[Supplied material]
======

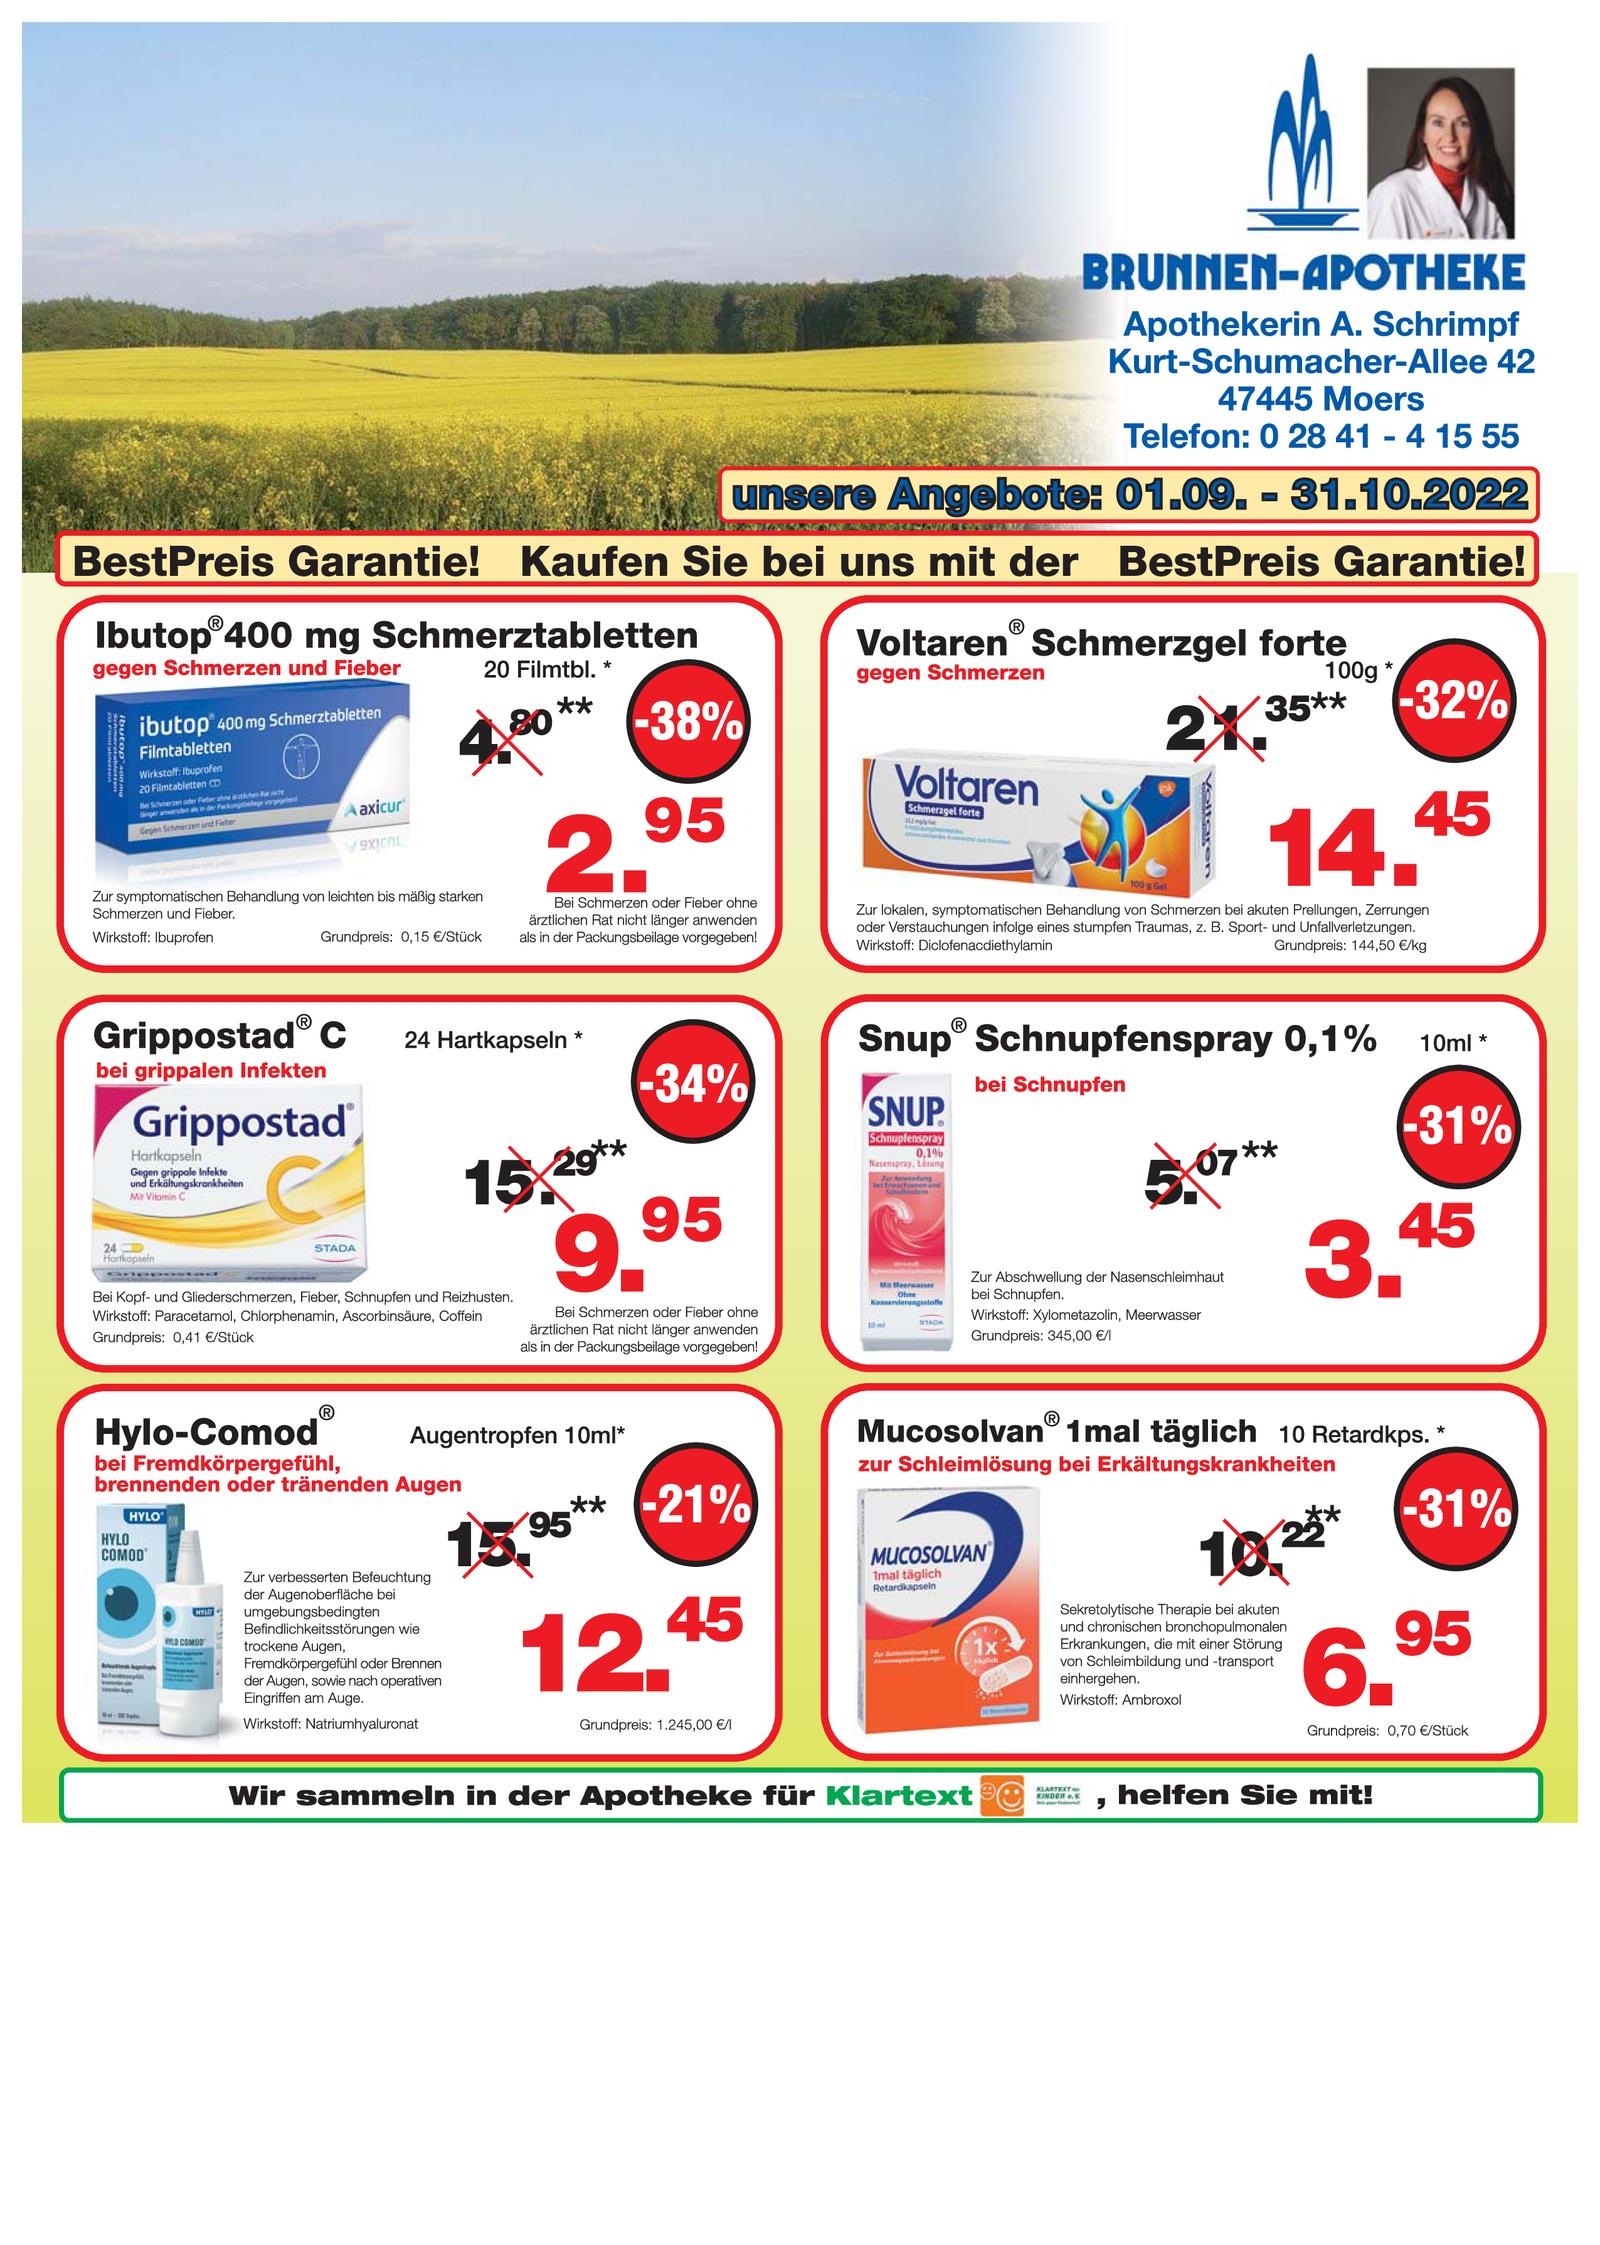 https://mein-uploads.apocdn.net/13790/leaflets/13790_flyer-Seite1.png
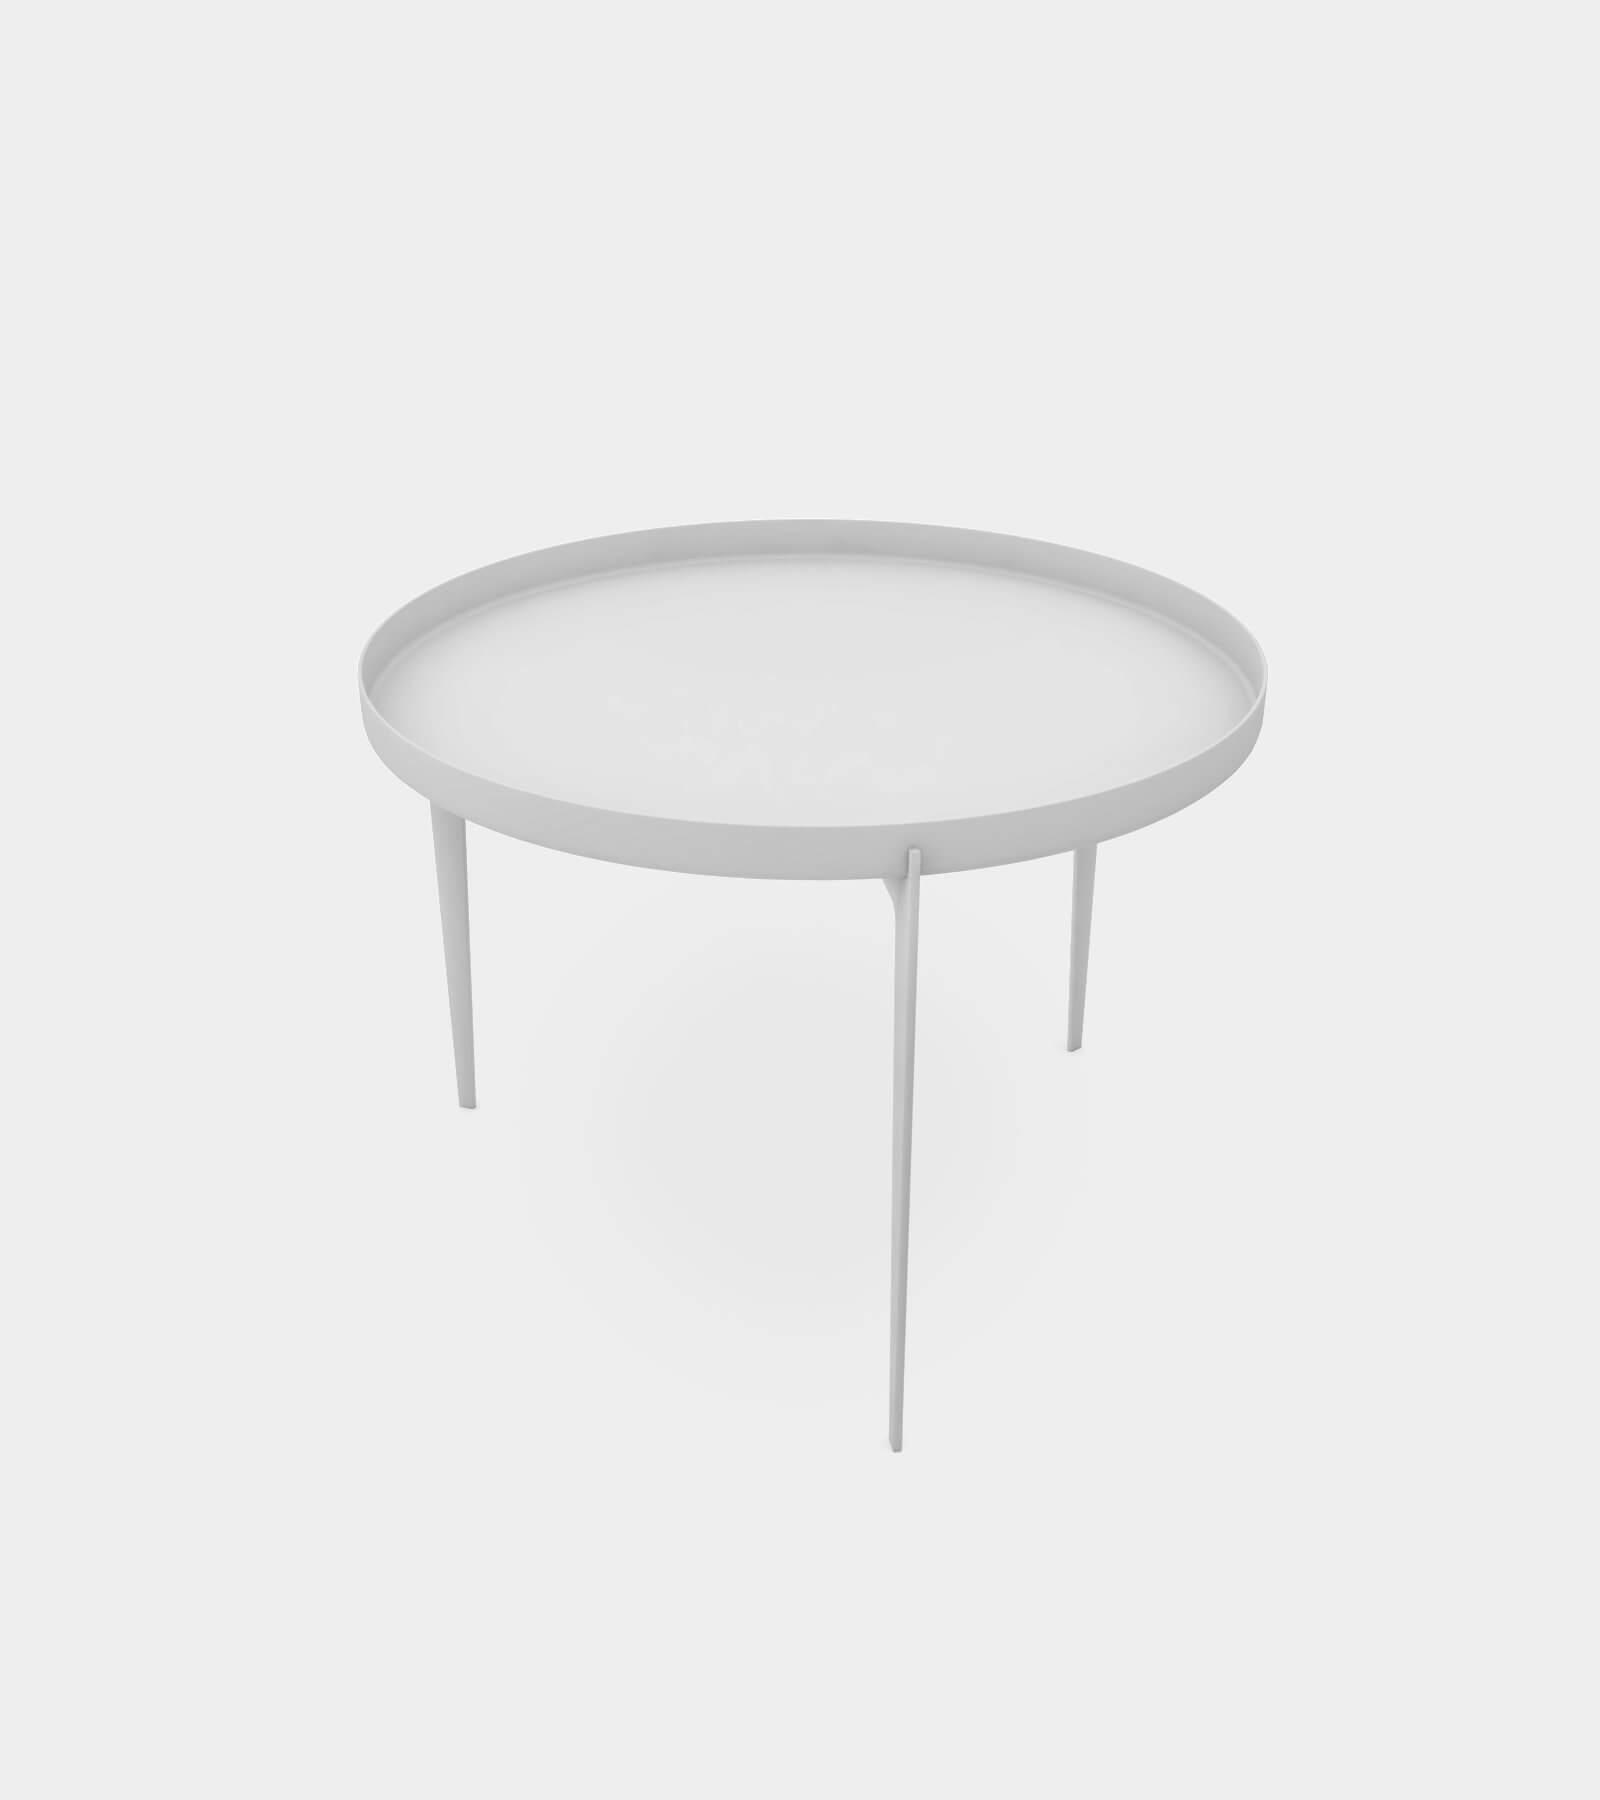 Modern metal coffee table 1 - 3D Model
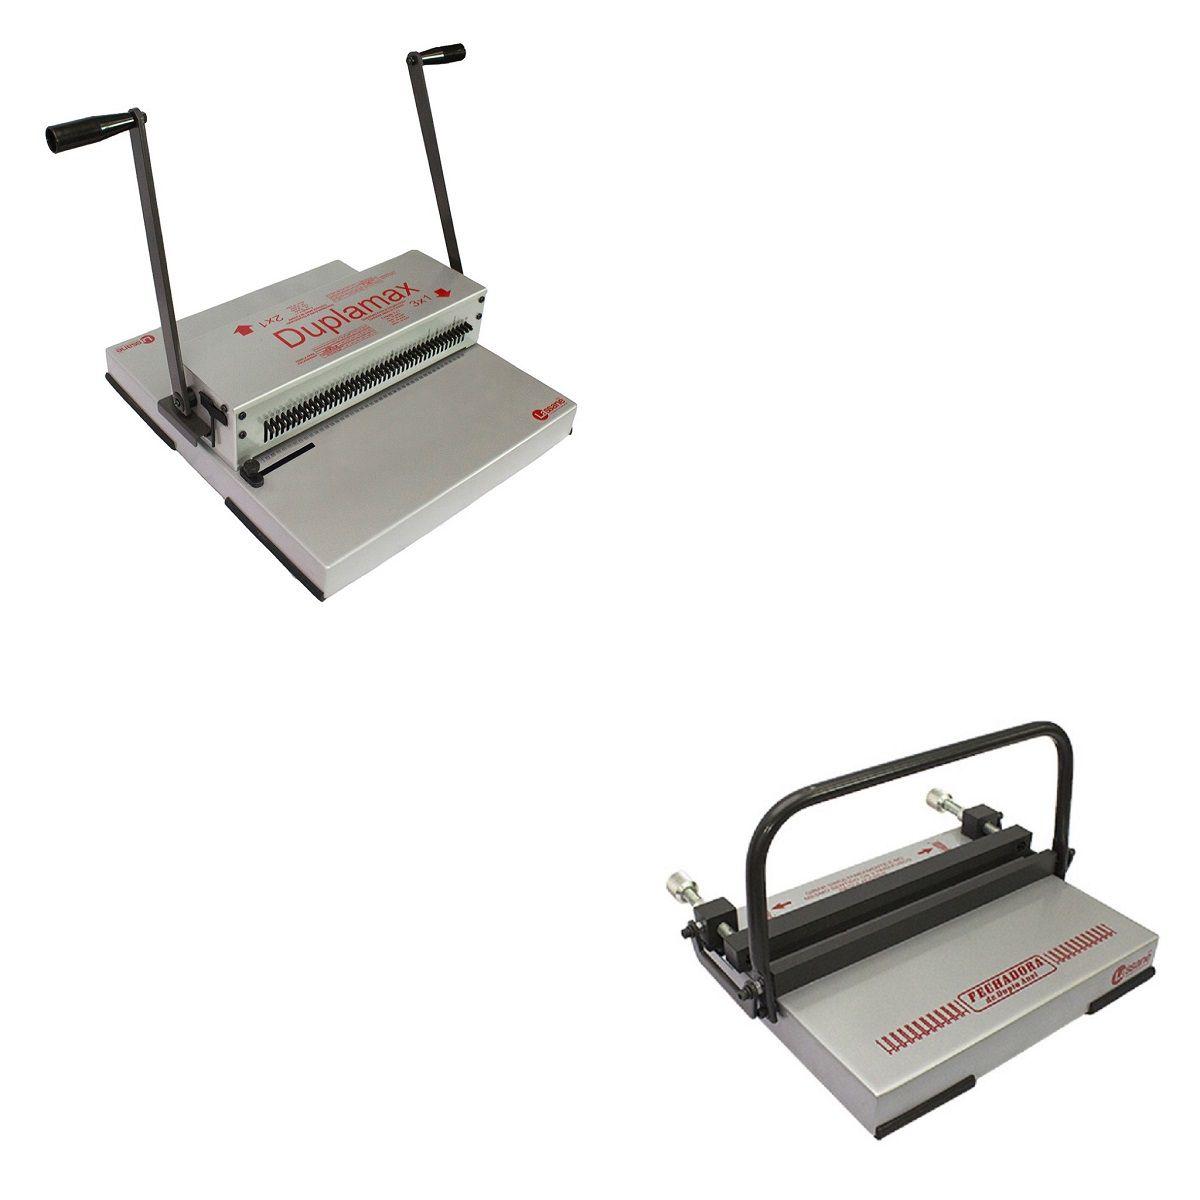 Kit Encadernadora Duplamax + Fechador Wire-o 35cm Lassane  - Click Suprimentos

======

Send back the listing exactly as it stands. Do not include the pictures.

 https://mein-uploads.apocdn.net/13790/leaflets/13790_flyer-Seite1.png
 Modern metal coffee table 1 - 3D Model
 Kit Encadernadora Duplamax + Fechador Wire-o 35cm Lassane  - Click Suprimentos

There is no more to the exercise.